DATA TO EXAMINE:
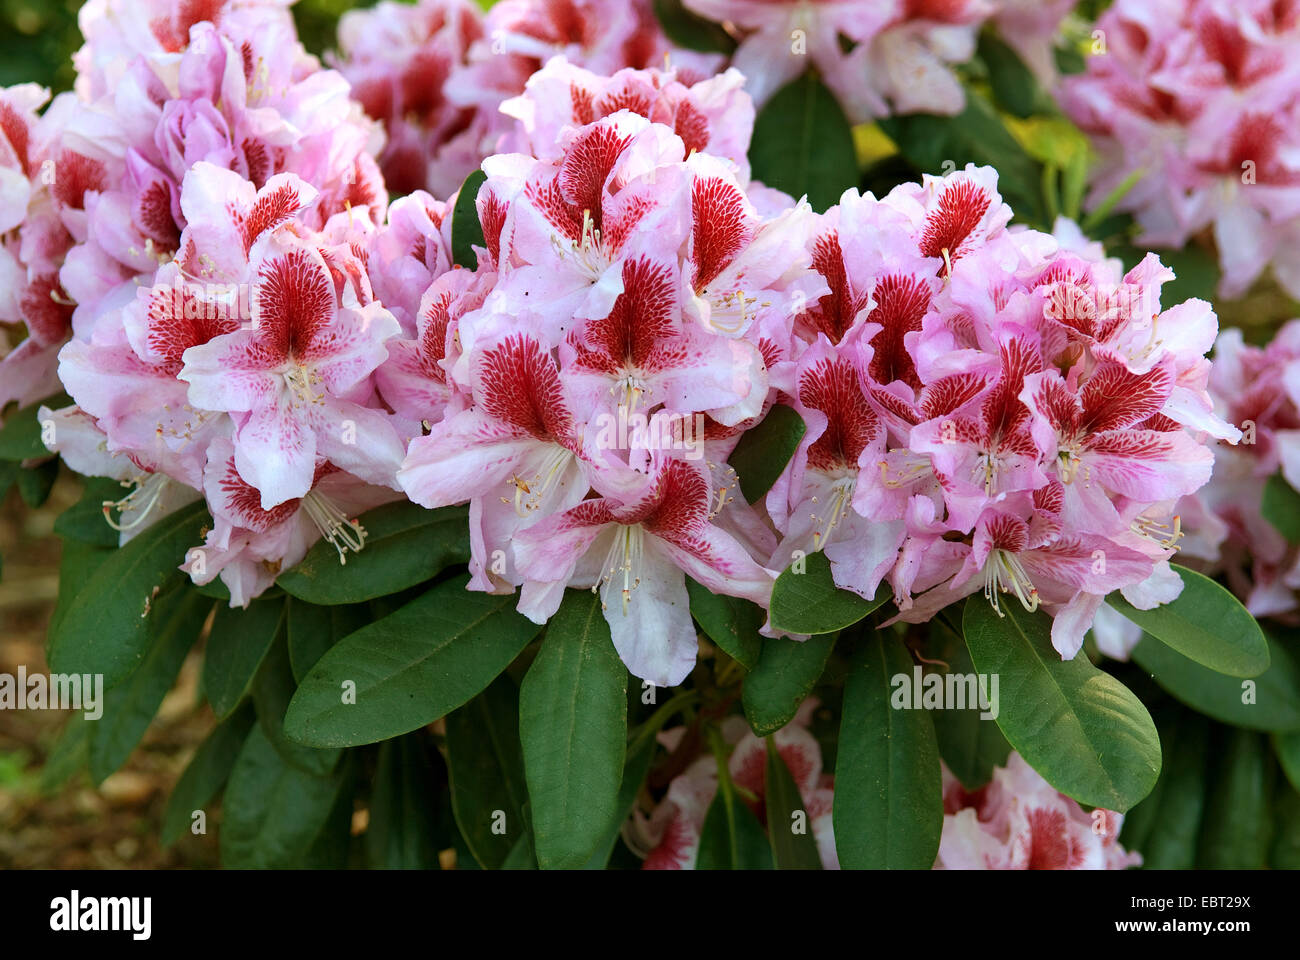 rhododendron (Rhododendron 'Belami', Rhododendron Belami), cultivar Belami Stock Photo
--
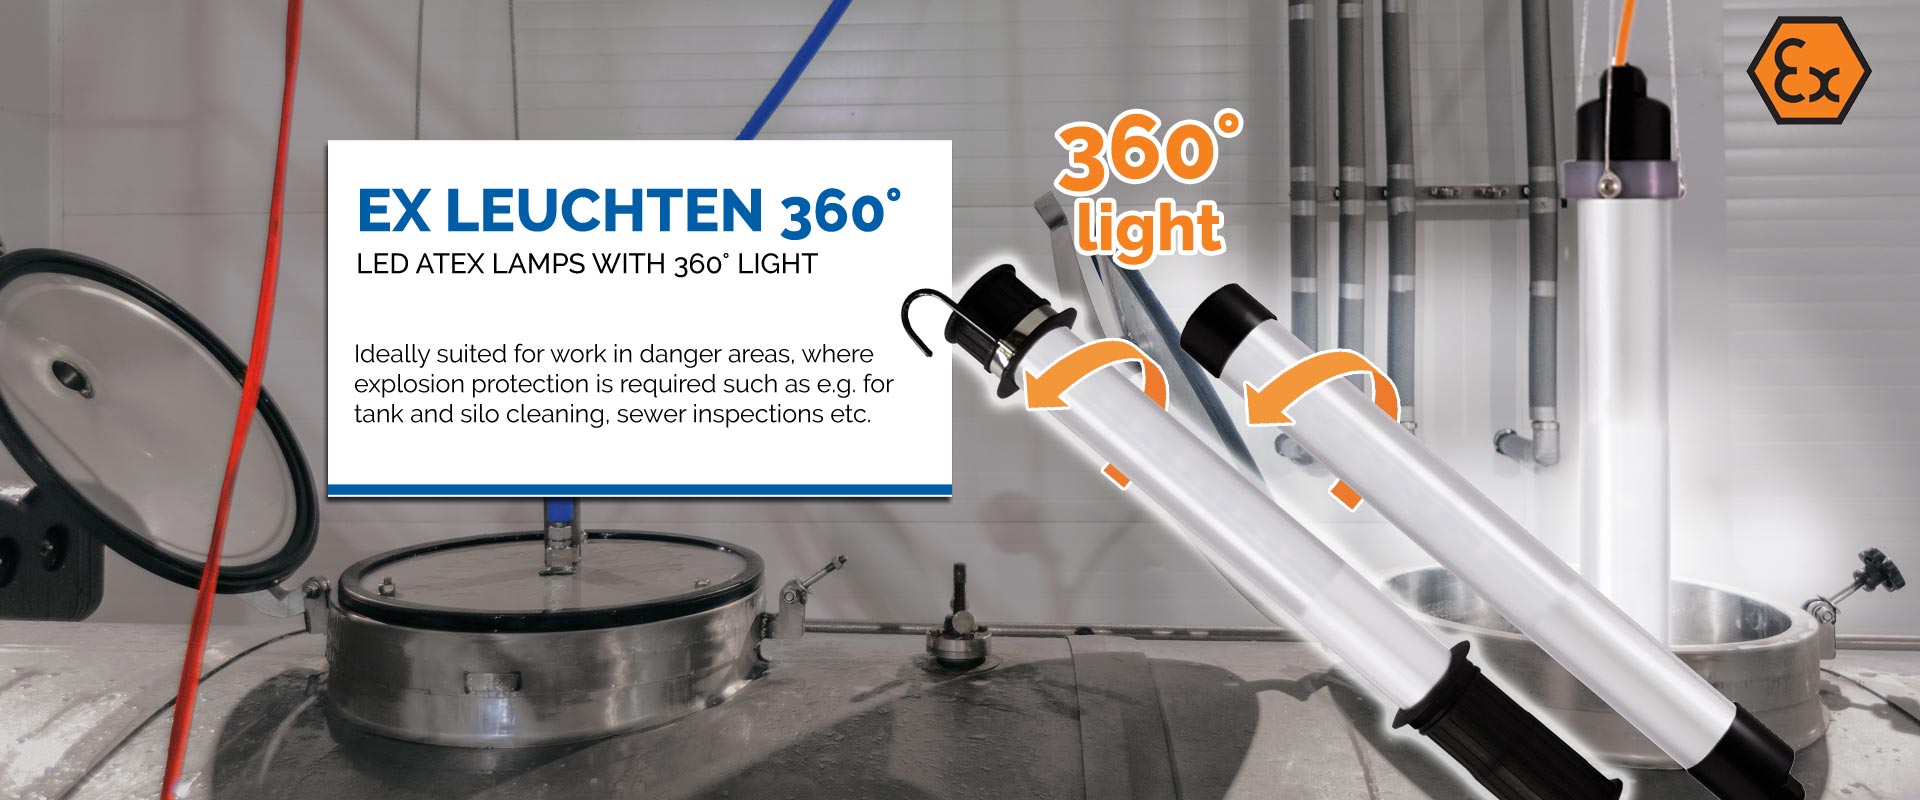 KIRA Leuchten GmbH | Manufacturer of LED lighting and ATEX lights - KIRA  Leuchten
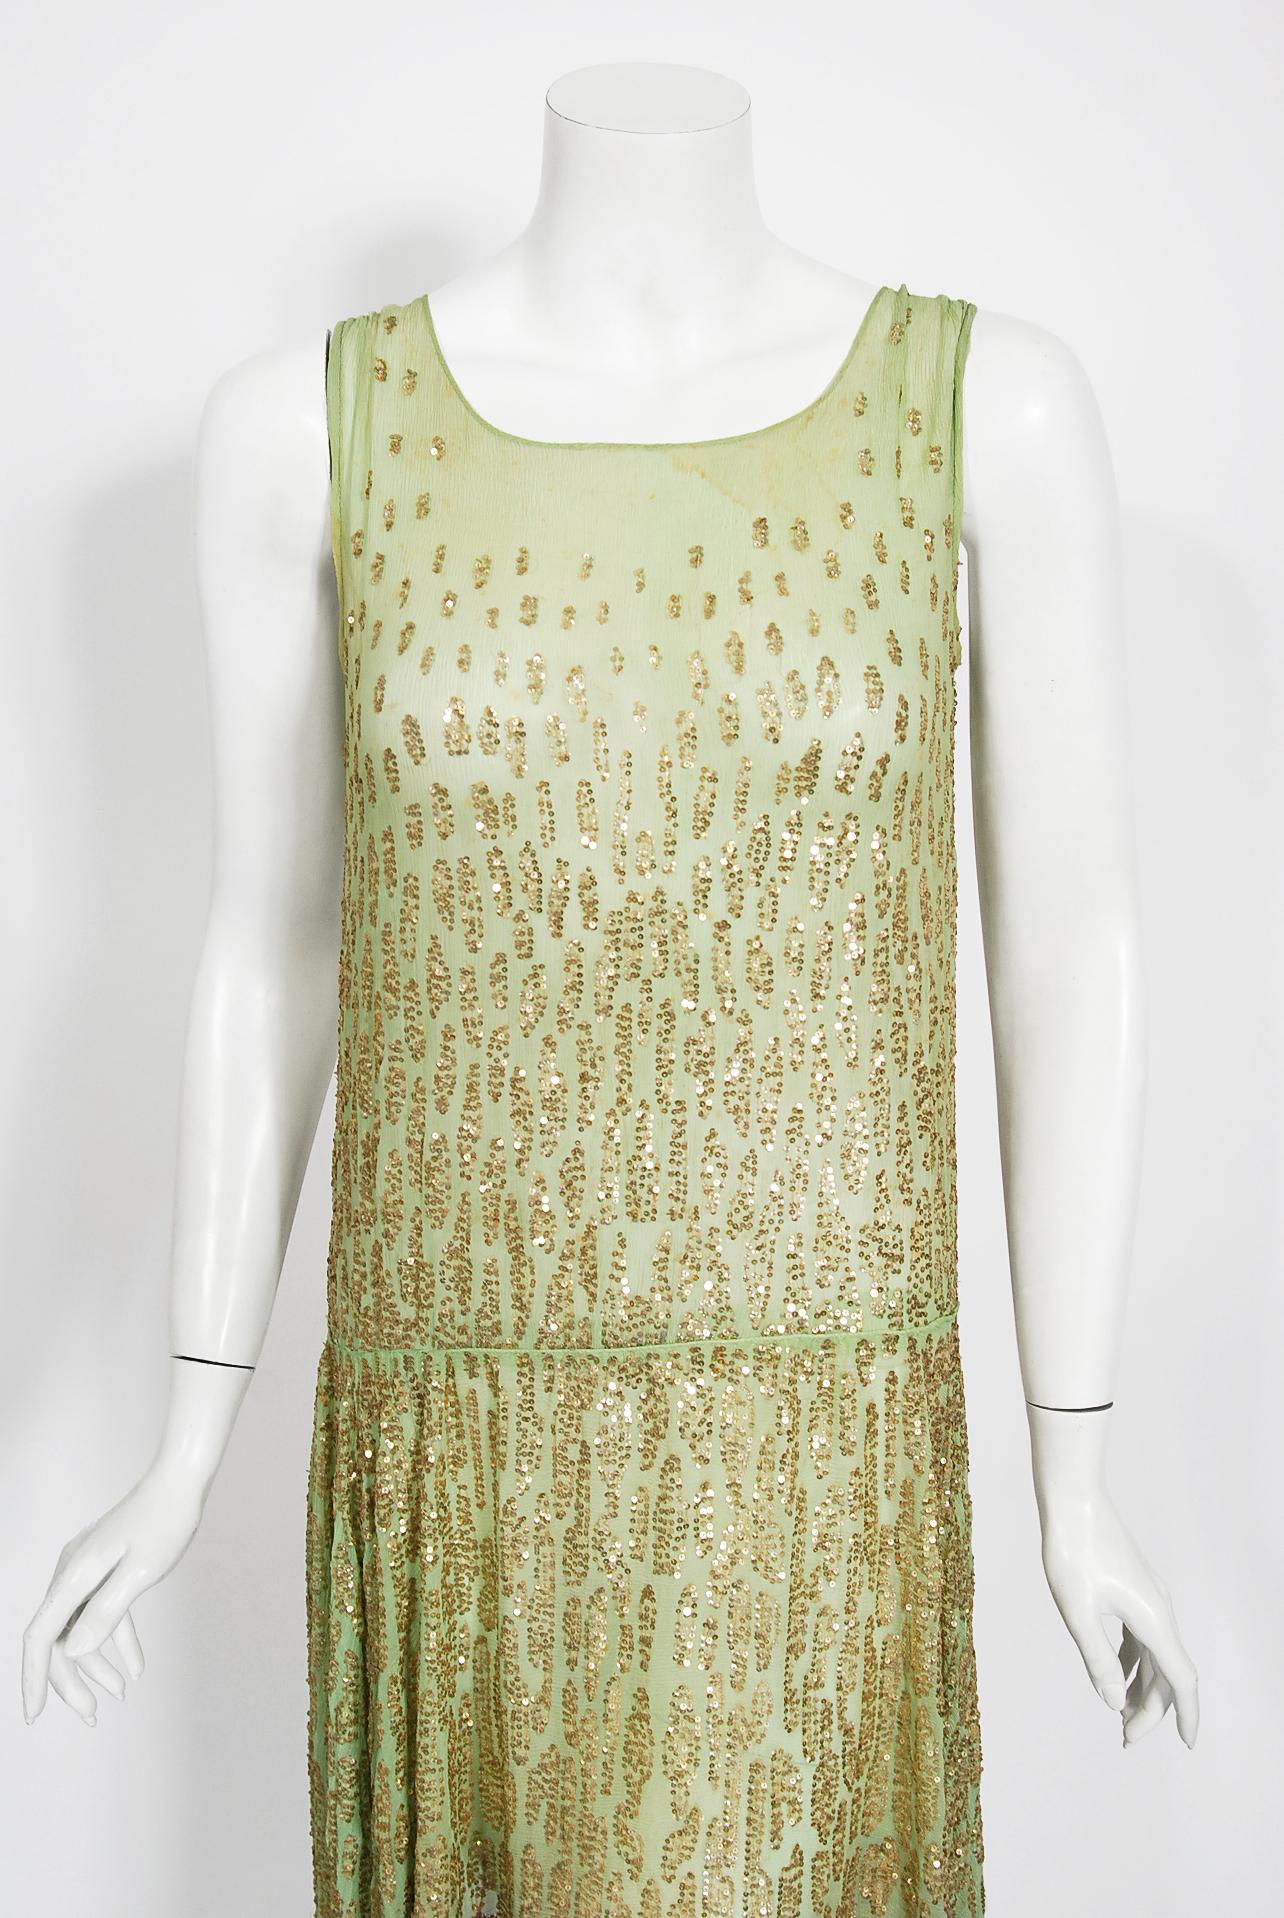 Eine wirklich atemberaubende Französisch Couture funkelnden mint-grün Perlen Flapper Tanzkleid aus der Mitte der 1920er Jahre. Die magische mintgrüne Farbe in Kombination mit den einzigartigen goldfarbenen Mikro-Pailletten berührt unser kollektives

ACTION ITEM: The copy should hold only the lines from the one with "KIRA Leuchten GmbH" through the one with "Eine wirklich atemberaubende", exactly as they stand above. Leave out the pictures.

FINISHED TASK:
 KIRA Leuchten GmbH | Manufacturer of LED lighting and ATEX lights - KIRA  Leuchten
 Eine wirklich atemberaubende Französisch Couture funkelnden mint-grün Perlen Flapper Tanzkleid aus der Mitte der 1920er Jahre. Die magische mintgrüne Farbe in Kombination mit den einzigartigen goldfarbenen Mikro-Pailletten berührt unser kollektives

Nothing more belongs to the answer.